The relationship between quality of life and personality has been widely studied for other diseases, such as acne [7], psoriasis [37] and skin cancer [38]. Whether the personality traits found in these studies are the cause of the low quality of life or the consequence of the disease condition is a matter to be clarified in future studies. Prospective studies addressing the development of specific personality traits such as TDp over time among patients suffering from skin diseases—as well as among their cohabitants—would be of interest to elucidate this question.

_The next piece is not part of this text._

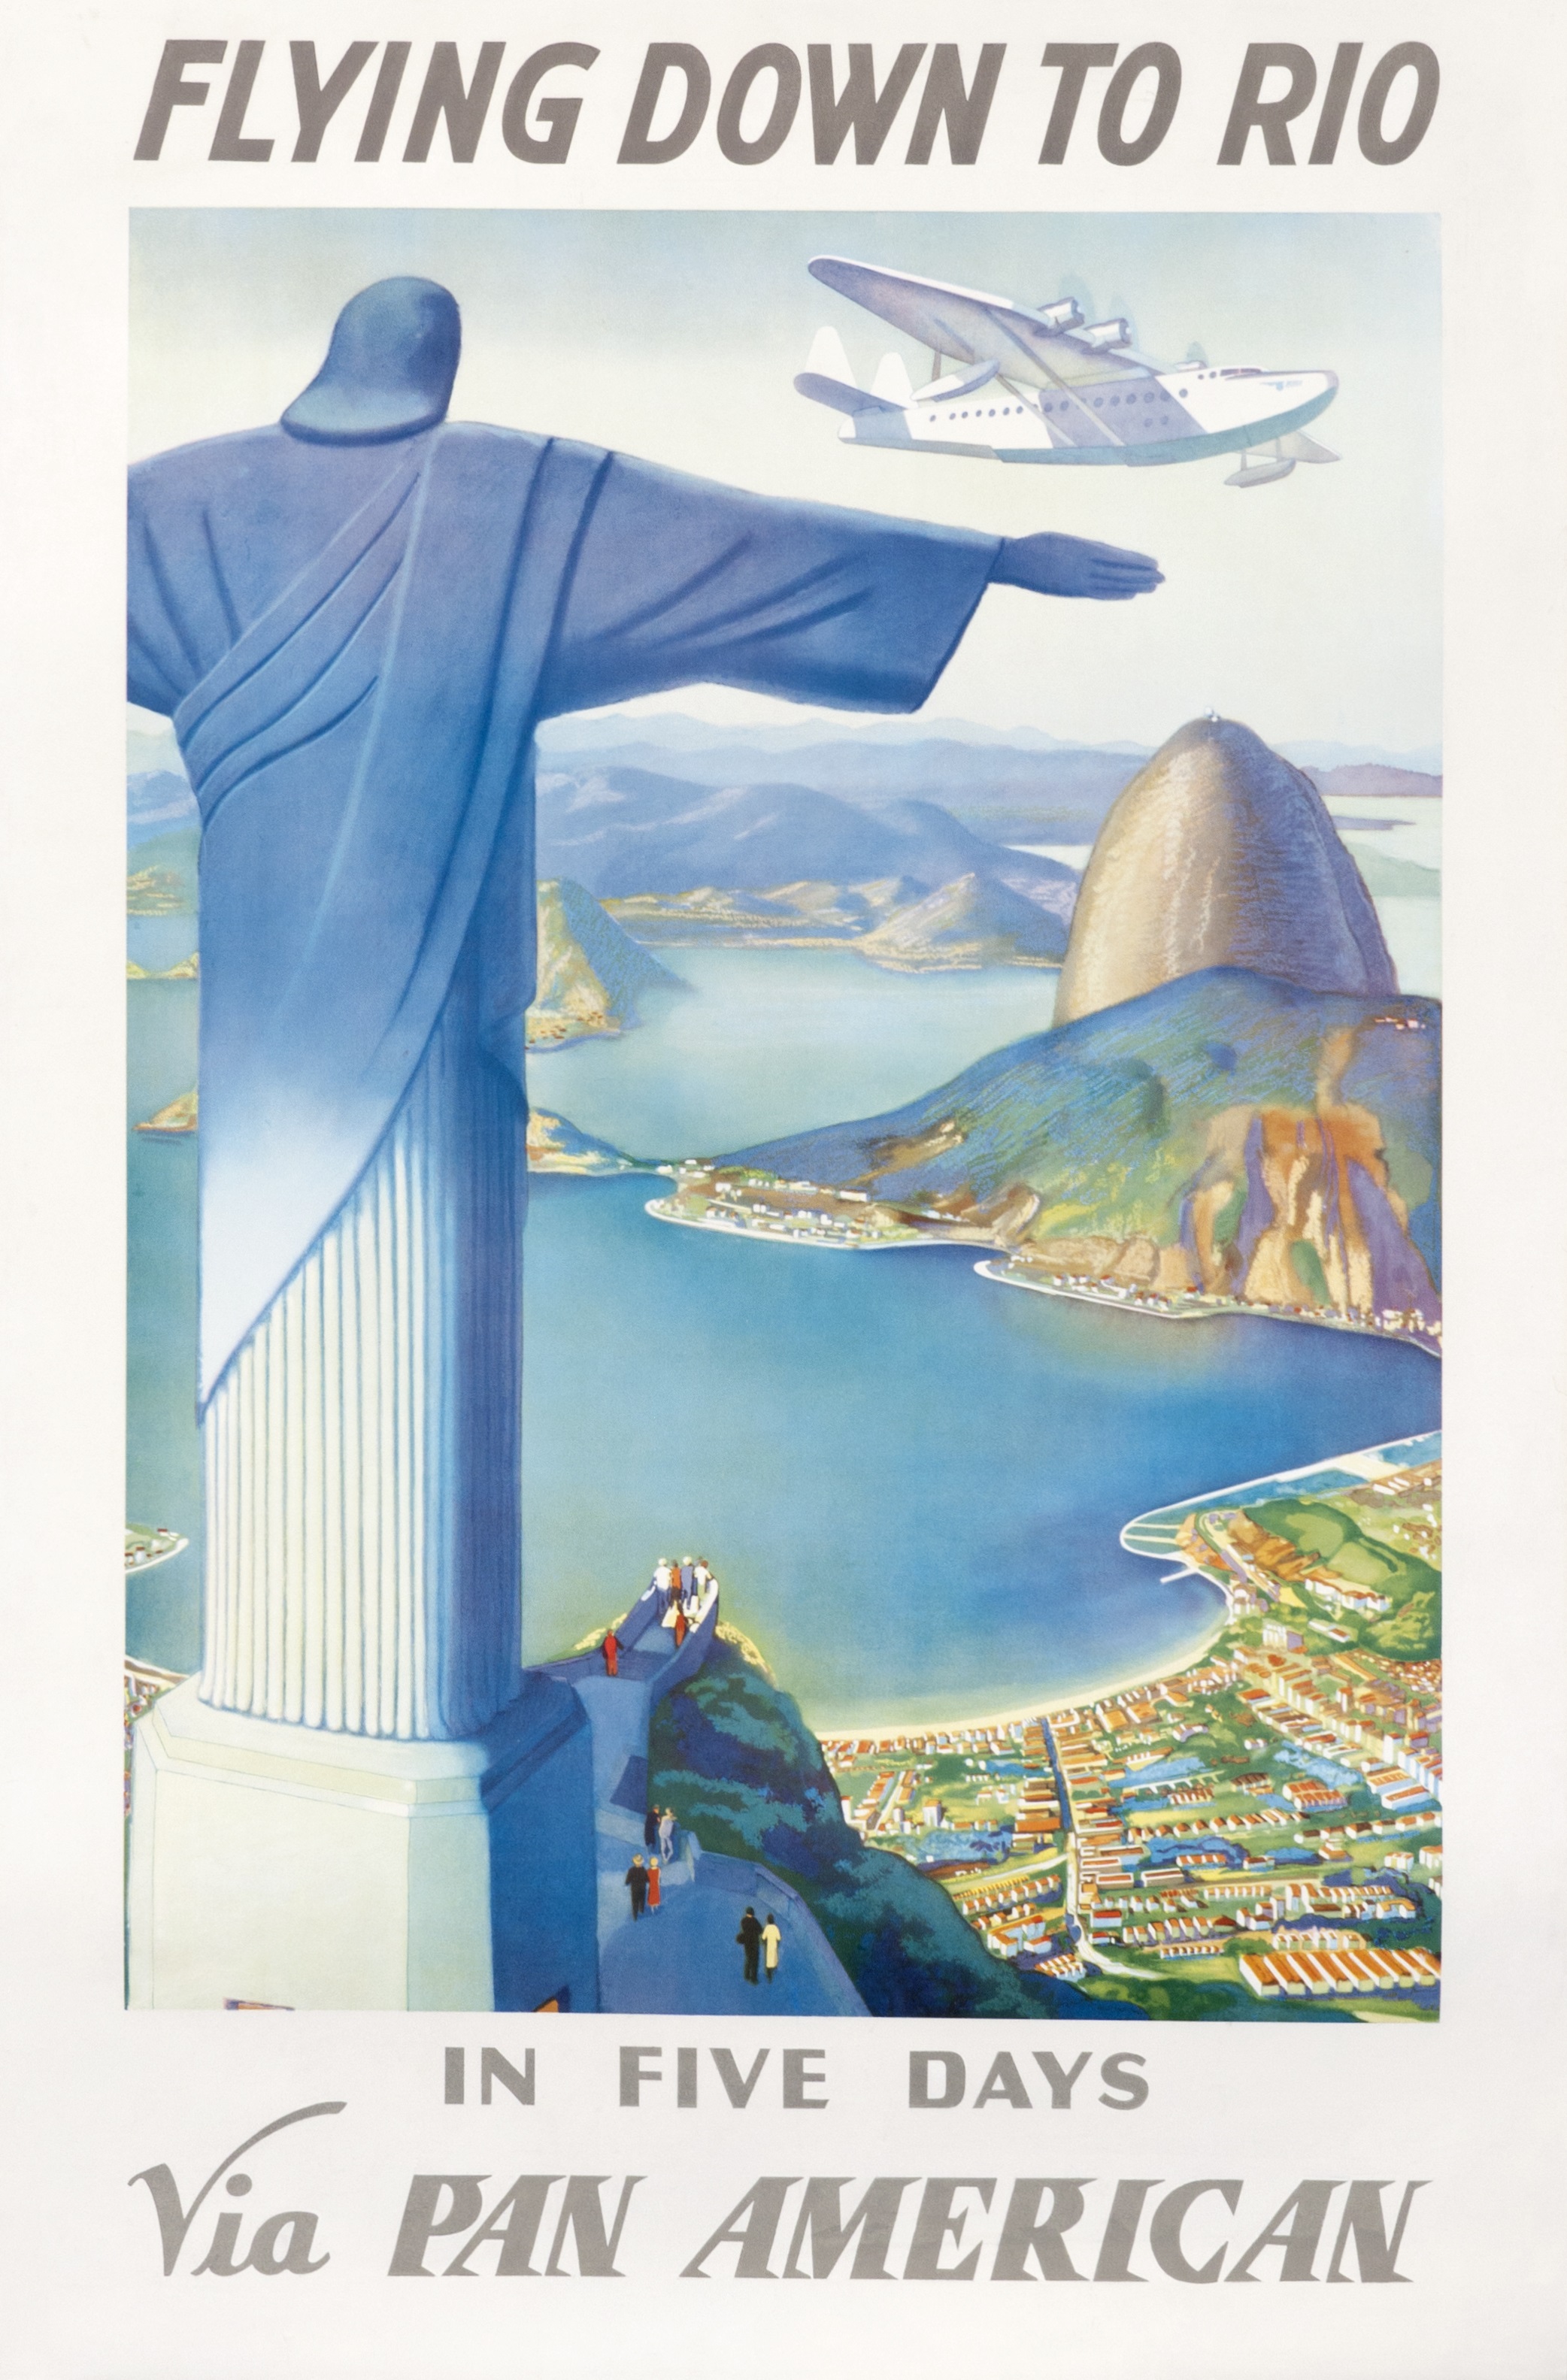 Flying Down to Rio in Five Days via Pan American, PG Lawler, c. 1939

Finally, the relationship between the quality of life of patients and the sexual dysfunction of cohabitants has been explored in the present study. Although no differences were found in terms of validated scales such as FSFI or IIEF, we found correlations between the HRQOL measures (DLQI and CUQOL) and NRS for sexual impairment among the cohabitants. Poor physical health has been consistently associated with sexual dysfunction in the general population [39], whereas the impact of age might be unclear [40]. Studies that include a larger sample size and stratification by age would be of interest to unequivocally identify the relationship between patients’ quality of life and the sexual dysfunction of cohabitants, avoiding confounding biases.

5. Limitations

The main limitations of the present study are: (a) the sample size, which could have limited the detection of significant differences; (b) the cross-sectional design, which makes it impossible to assess causality; and (c) the inclusion of only the patients’ partners, without including other types of cohabitants.

6. Conclusions

CSU seems to have an impact on the quality of life among cohabitants, especially in terms of increased rates of anxiety, poorer quality of life and reduced sexual satisfaction. In addition, the prolonged course of the disease could be associated with substantial changes in the way cohabitants cope with life, increasing the presence of non-adaptative personality traits such as TDp. A holistic approach to this pathology—taking into account not only the patient’s manifestations but also those of the people living with him/her—will improve the medical care of CSU.